Paul Carr, who started writing for TechCrunch not long ago, is an entertaining writer, and he often puts his finger on issues that others tend to avoid in their headlong rush towards whatever is shiny and new, which is why I’m glad Mike Arrington hired him. But I think his latest rant against “citizen journalism” is misplaced. In the piece, which is entitled “After Fort Hood, another example of how ‘citizen journalists’ can’t handle the truth,” Carr talks about how a soldier on the base where the shootings occurred last week was posting to Twitter throughout the ordeal.
Tearah Moore, who recently returned from Iraq, posted a number of comments about what was happening, including the fact that stretchers were being brought in, that one person had allegedly been shot in the testicles, and that the shooter had died. Among other things, Carr notes that Moore’s tweet about the shooter being dead was wrong (although she didn’t say that she knew this, she just commented on it). But his main complaint seems to be that her tweets about someone being shot in the testicles, etc. had no redeeming value and were therefore “entertainment or tragi-porn.”
As he puts it, her behaviour had nothing to do with getting the word out but was a case of “look at me looking at this.” He then goes on to say that the tweeting of events during protests in Iran did nothing to actually change events in that country, and that all of this so-called “citizen journalism” is merely selfish and egotistical. And finally, he argues that this applies to the shocking video footage of Neda Agha Soltan’s death in Iran — that the person shooting the video didn’t try to help, but simply engaged in a cruel and unfeeling act of voyeurism.
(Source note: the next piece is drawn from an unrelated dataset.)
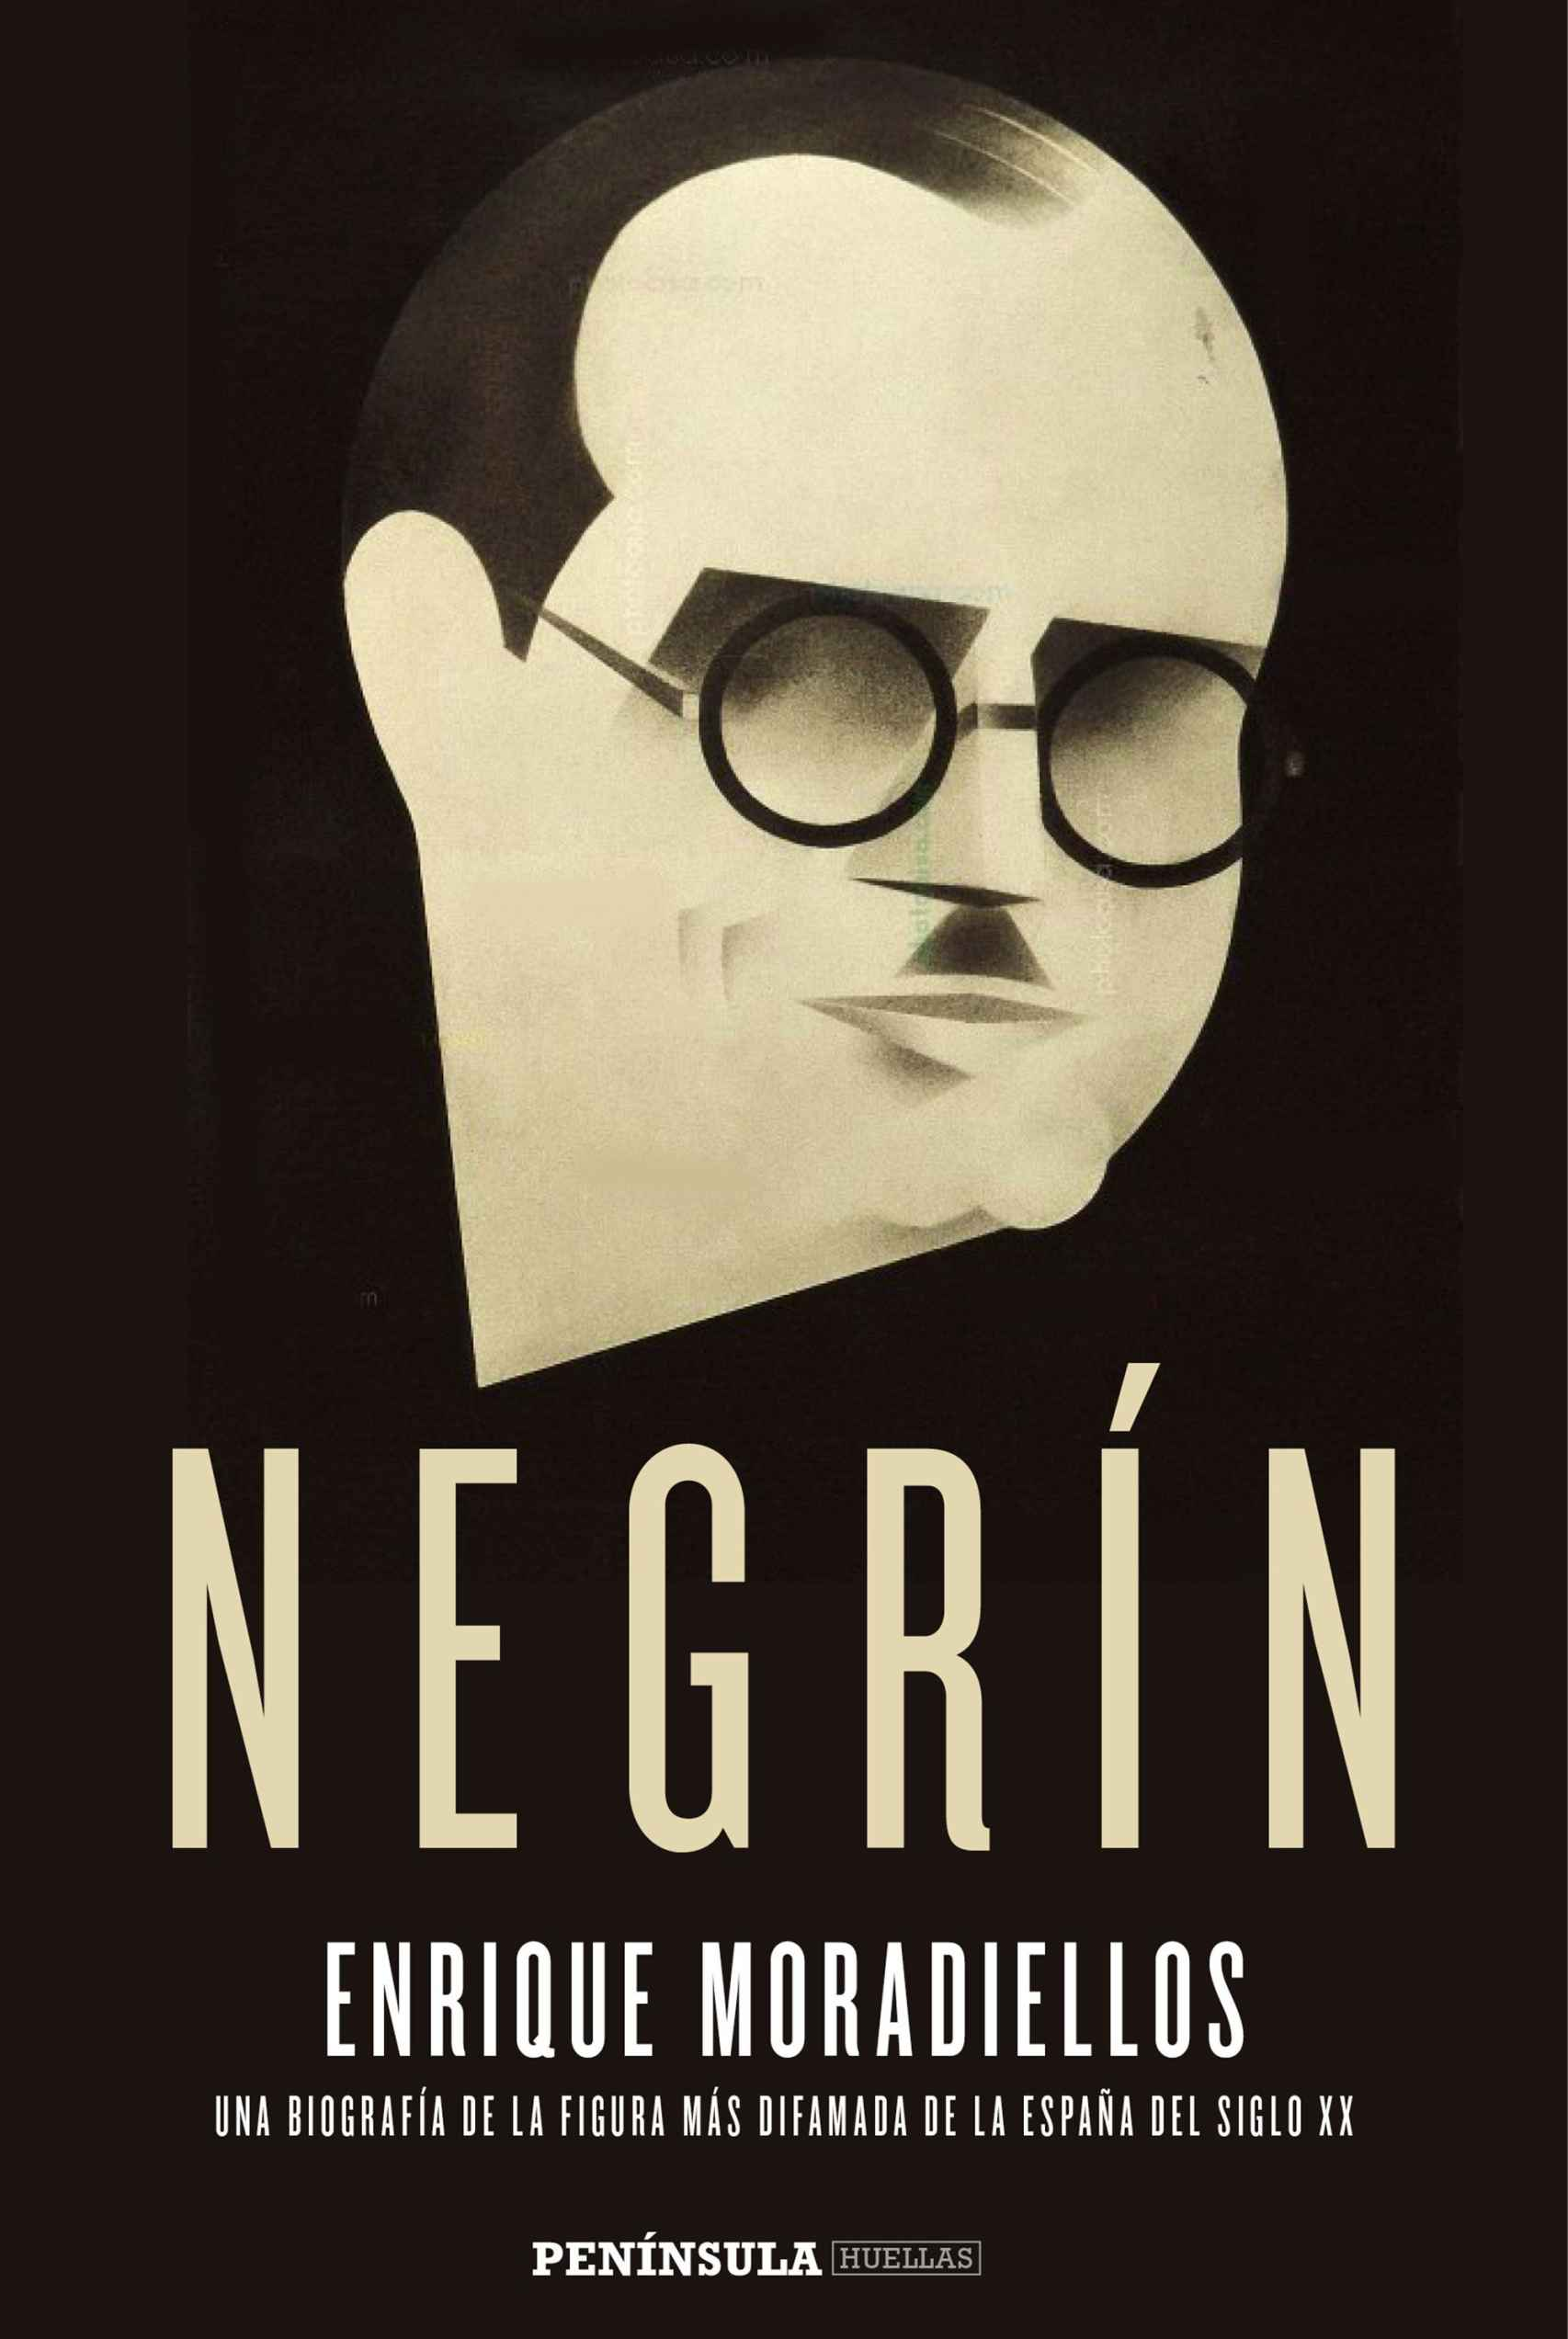 Portada de la edición de 2015 de 'Negrín'.

The question of whether bystanders or observers should intervene in emergency situation is a worthwhile debate to have, but I don’t think Carr’s examples meet the test.
Tearah Moore isn’t a medical person, nor was she a military police officer, so the idea that she should have either been helping victims or tracking down the shooter instead of posting to Twitter is a little absurd. As for Neda Soltan, she was being attended to by a doctor while the person videotaping was there. What more could have been done?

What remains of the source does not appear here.